▶ INPUT DATA:
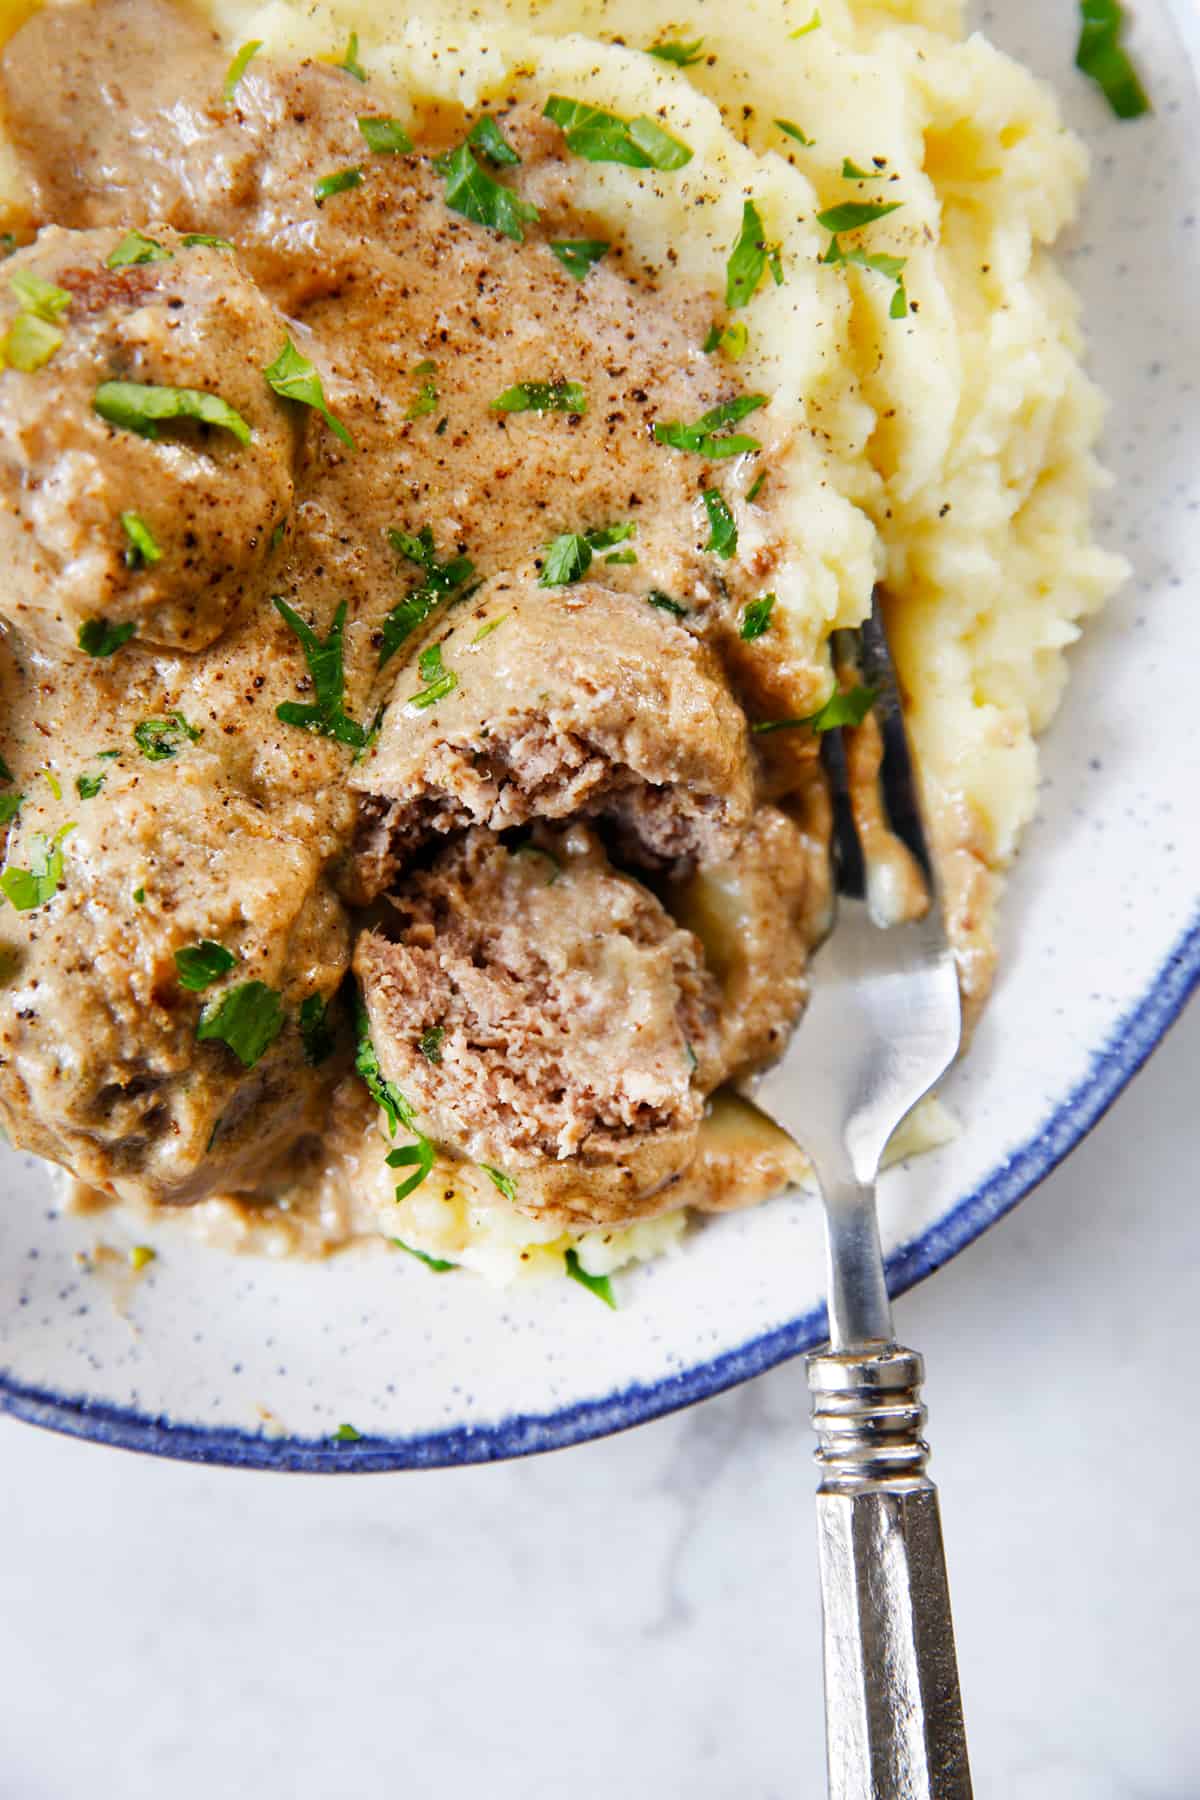 Gluten free Swedish Meatballs on a bed of mashed potatoes.
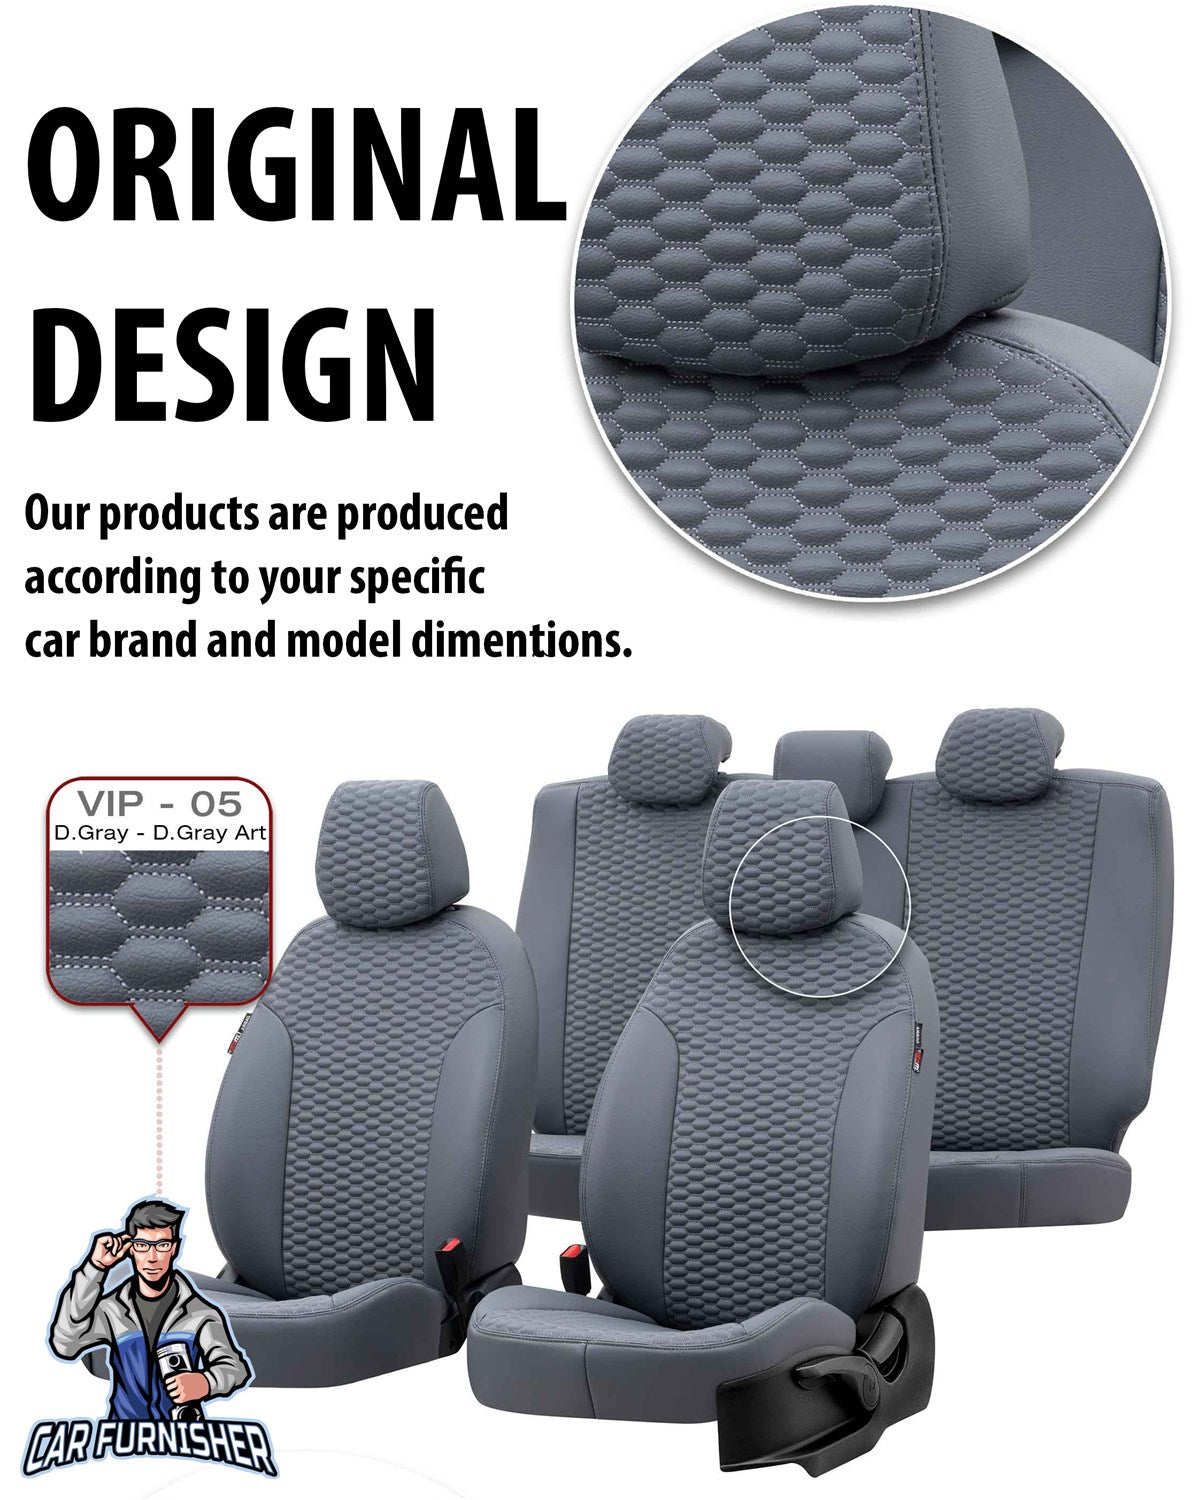 Fiat Marea Seat Covers Tokyo Leather Design Red Leather
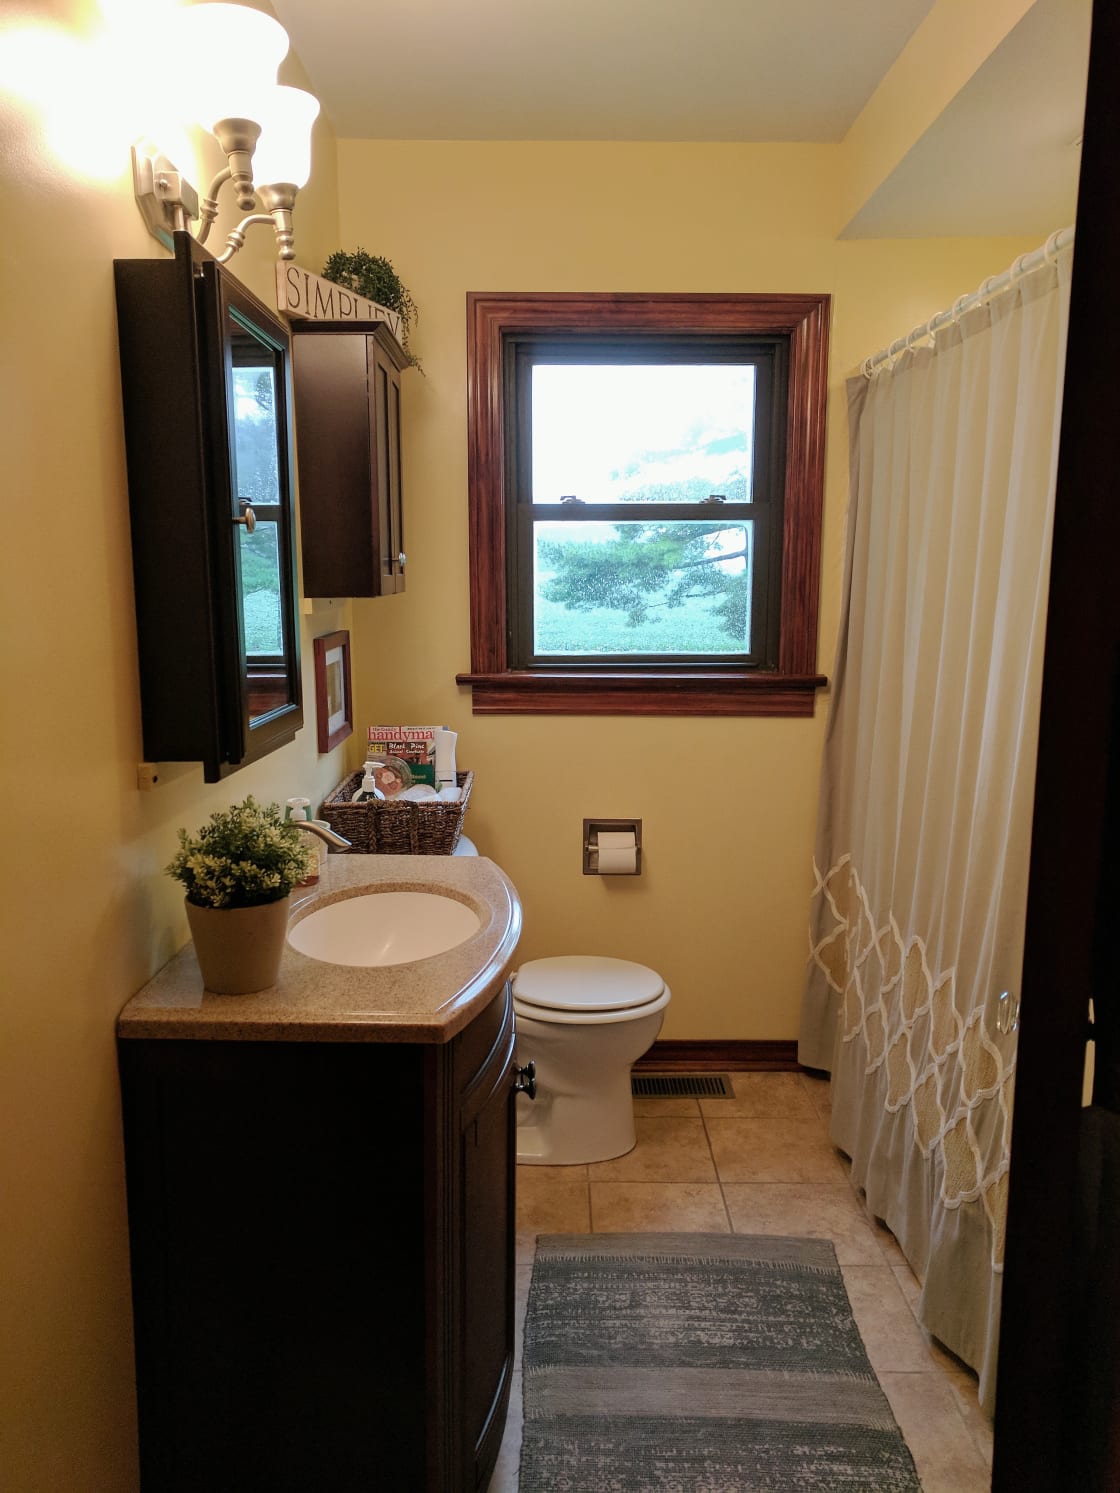 During your stay, you will have access to the house bathroom.
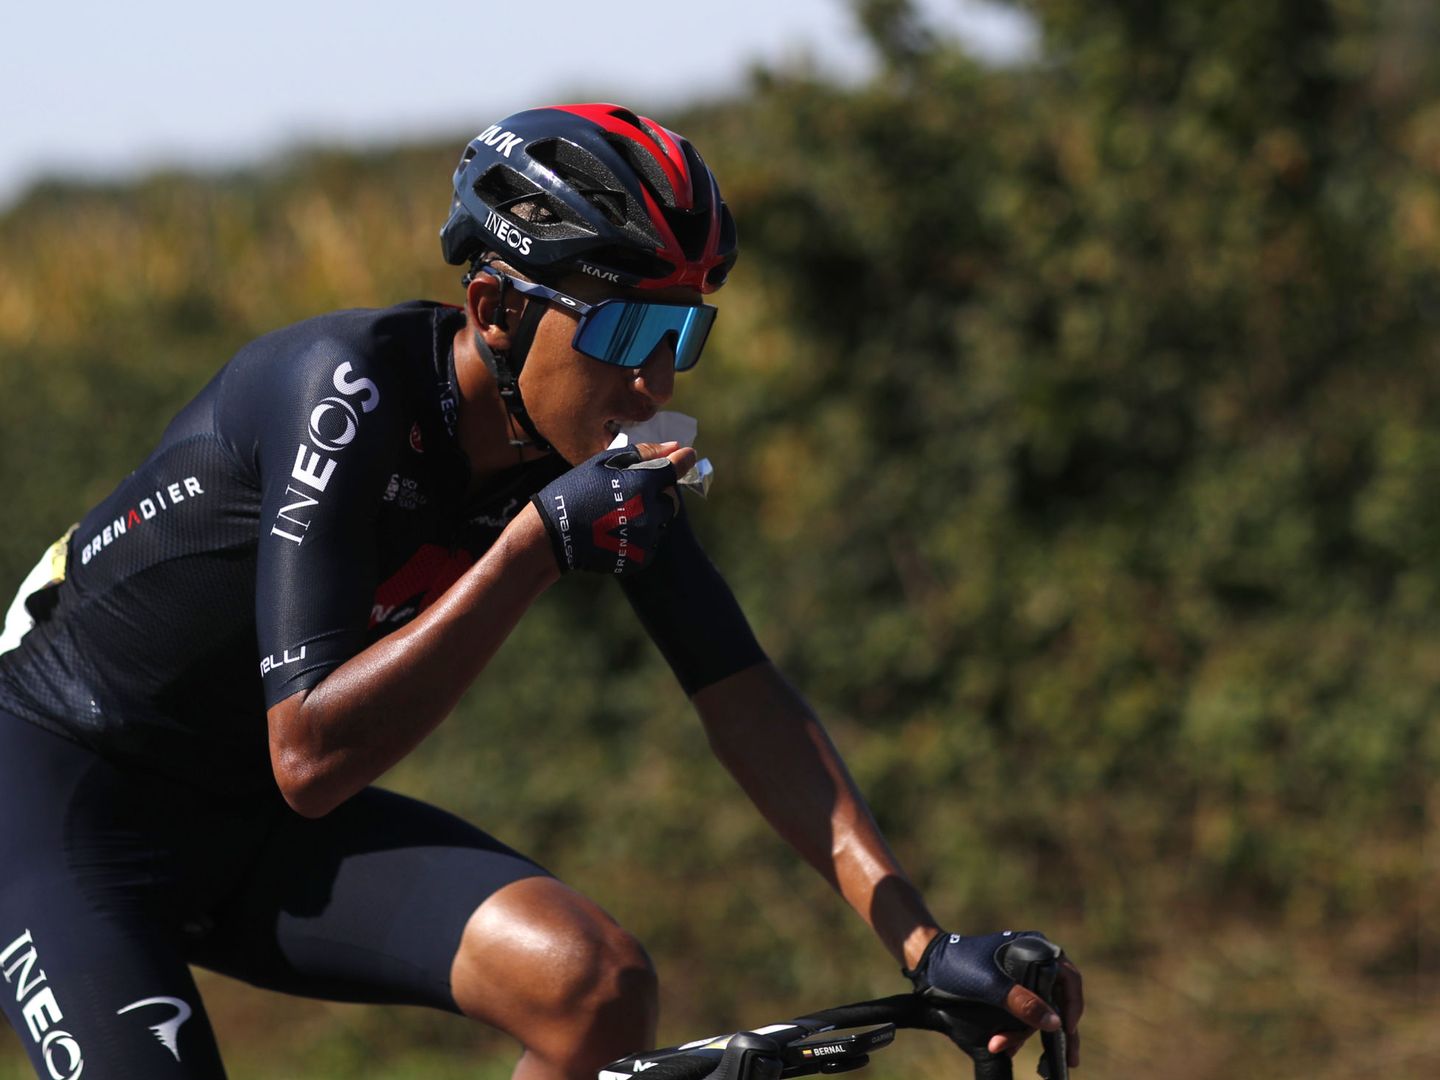 Cycling - Tour de France - Stage 15 - Lyon to Grand Colombier - France - September 13, 2020.  Team INEOS Grenadiers rider Egan Bernal of Colombia in action REUTERS Stephane Mahe

▶ WORK ORDER: Starting at the line that contains "During your stay, you", transcribe every line through the end of the listing exactly, including both end lines and excluding pictures.

▶ RESPONSE TO THIS TASK:
 During your stay, you will have access to the house bathroom.
 Cycling - Tour de France - Stage 15 - Lyon to Grand Colombier - France - September 13, 2020.  Team INEOS Grenadiers rider Egan Bernal of Colombia in action REUTERS Stephane Mahe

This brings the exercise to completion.